迫り来る巨躯によって生み出された風圧が金の髪を波打たせる。
しかし、リネアはゆっくりと正面の獣を見据え、剣を構える。
自身の何倍にも上るその体躯を前にして、彼は動じない。
粉砕した木片を撒き散らしながら、大猪はリネアの寸前まで距離を縮める。
魔獣の牙先が触れようかとするその時、リネアは左手の剣を煌めかせた。
『ブゴォ!?』
一瞬のうちに二つの剣戟を刻まれ、魔物の体躯は後方へと弾き飛ばされる。
間を置かず、リネアは追撃を敢行する。
一閃。
大きな衝撃が辺りを包み、木々を薙ぎ倒す。
無慈悲な一撃をもろに食らった猪は耐えきれるはずもなく、絶命した。
「うしっ!」
リネアは得物を鞘に収めると、猪を自分の荷物に括り付けた。左手しか使うことができないので時間はかかるが、今となっては慣れたものだ。
失った右足にも義足がつけられ、歩くことはできるようになった。木で作られた簡素なものだが、普段の暮らしには問題ない。

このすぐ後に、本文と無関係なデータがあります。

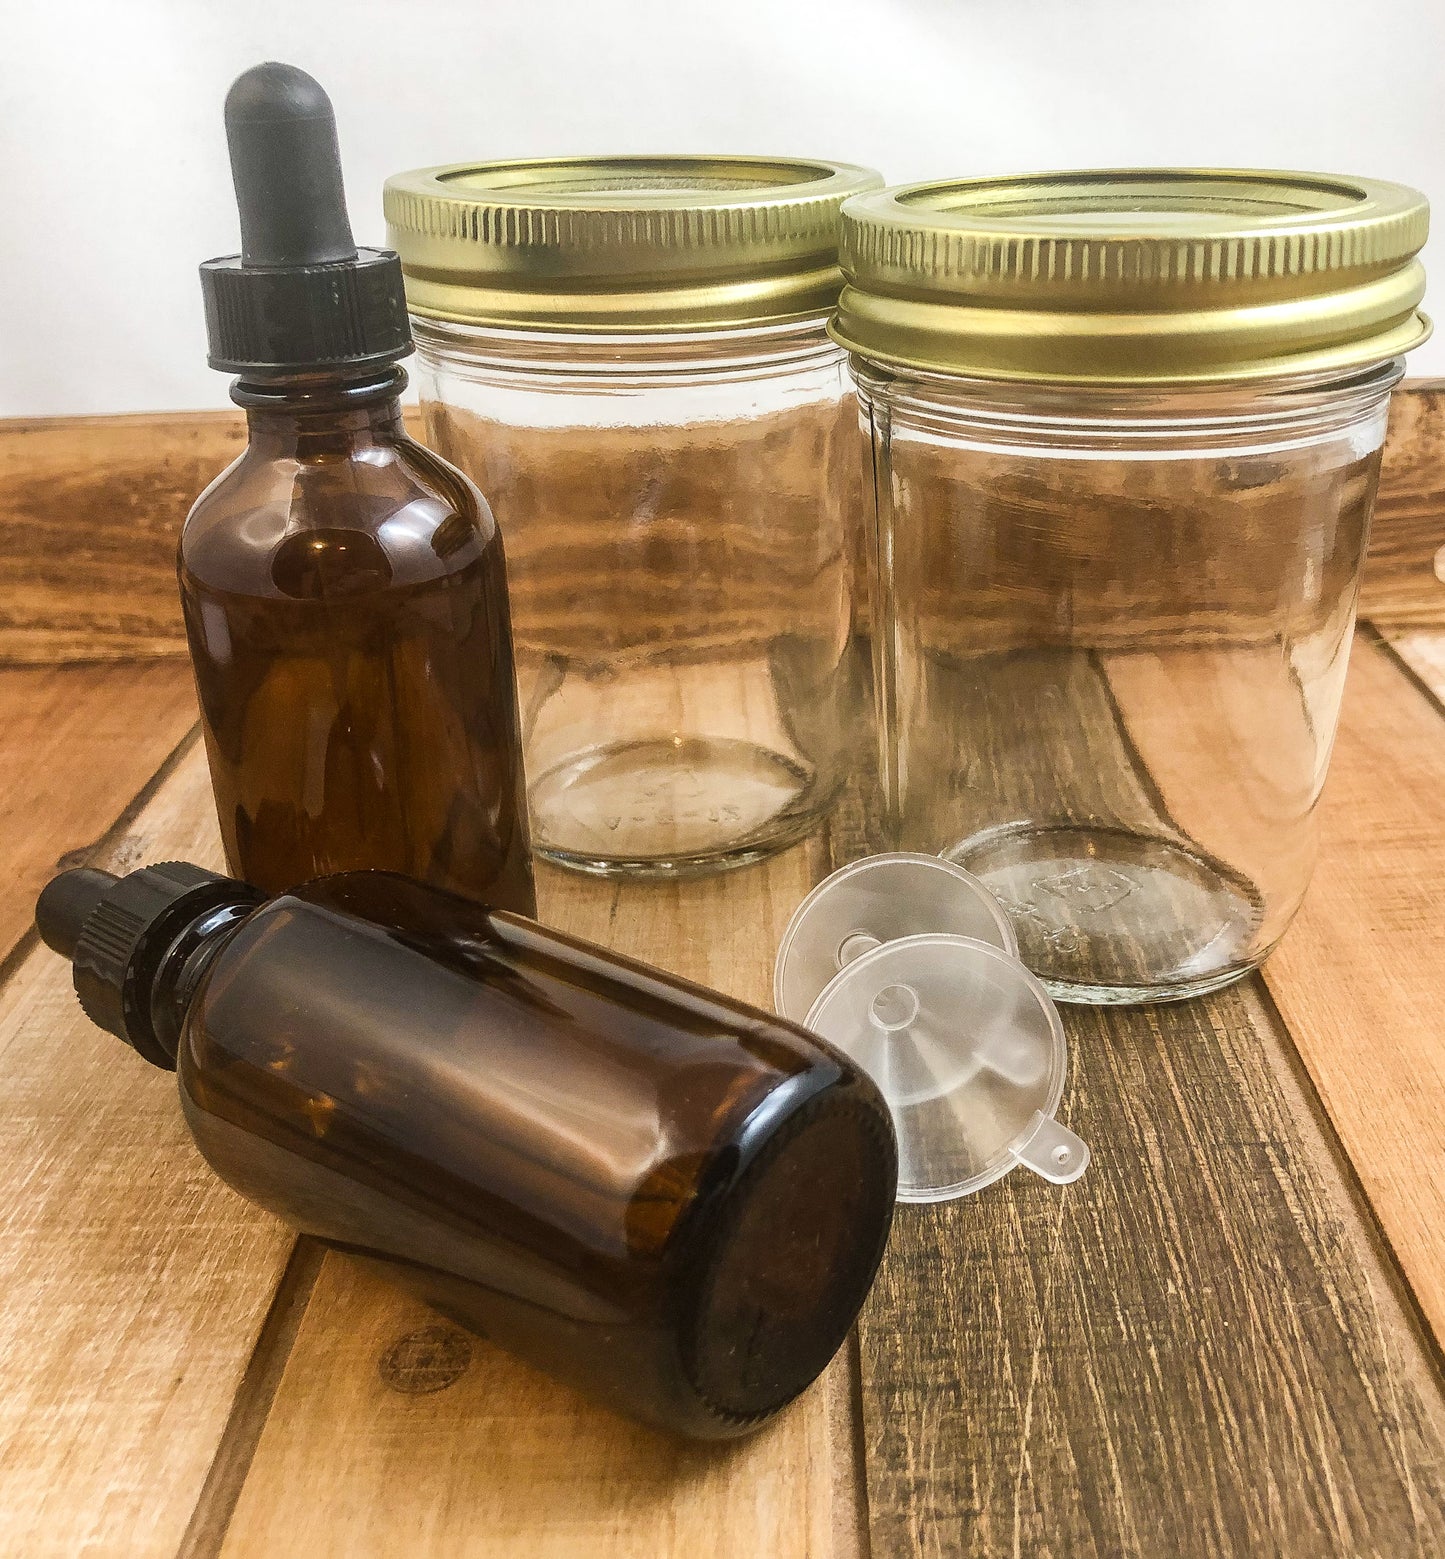 2 mason jars, 2 amber dropper bottles, 2 plastic funnels on wooden table with white background

大きなモノが追加された荷物を背負うと、リネアは帰路についた。
あの戦争から5年。
リネアはオリヴィア王国の南端、ニールという素朴な村で暮らしていた。
この村は辺り一面が雄大な緑に囲まれ、澄んだ空気は淀んだ気持ちを洗いさってくれる。周りが山地なので、ヴァランが言っていた通り戦とは無縁だ。
傷自体は完全に癒え、問題なく体を動かすことはできる。大猪を対峙するくらいには。
それでもリネア本来の力には程遠いのだが、無理に戦う必要のなくなった今の状況では十分すぎるほどだ。
歩を進めていくと、やがて大きな木組みの門が目に入った。今はまだ昼間なので、扉は左右に開かれ内部が伺える。
控えめな装飾の家屋が建ち並び、のどかな雰囲気が見て取れる。中には小川が通っており、村のちょうど中央にあたる場所には大きな広場が円形に設けられている。
まさしく地方の農村といった感じのこの村が、リネアは好きだった。
そしてここの住人も。
リネア自体が騎士団以外の人とあまり接した経験がなく、初めはお互いによそよそしくなってしまっていた。しかし、みんなが仲良く笑い合い、助け合う。そんなニールの村の関係性が次第にリネアの心の鍵を開けていった。比喩抜きで村全体が家族のような、そんな感じさえした。
小さい頃からずっと騎士団にいたリネアにとっては新鮮で、ずっと欲していたものでもあった。そんな温かいものを、ニールのみんなは彼に与えてくれた。
昔の自分を否定するわけではない。確かに騎士の仲間達と一緒に切磋琢磨してきた日々は間違いなく楽しい思い出だ。しかし、リネアは今の生き方の方が魅力的だと、そう思い始めていた。
大切な人とともにのんびりと暮らすこともまた、善い生き方なのだ。
戦いに明け暮れ、国のために身を捧げる。それしか生きる意味を見出せなかったリネアにそんな感情が芽生えたのも、ニールの村と、ある少女のおかげだった。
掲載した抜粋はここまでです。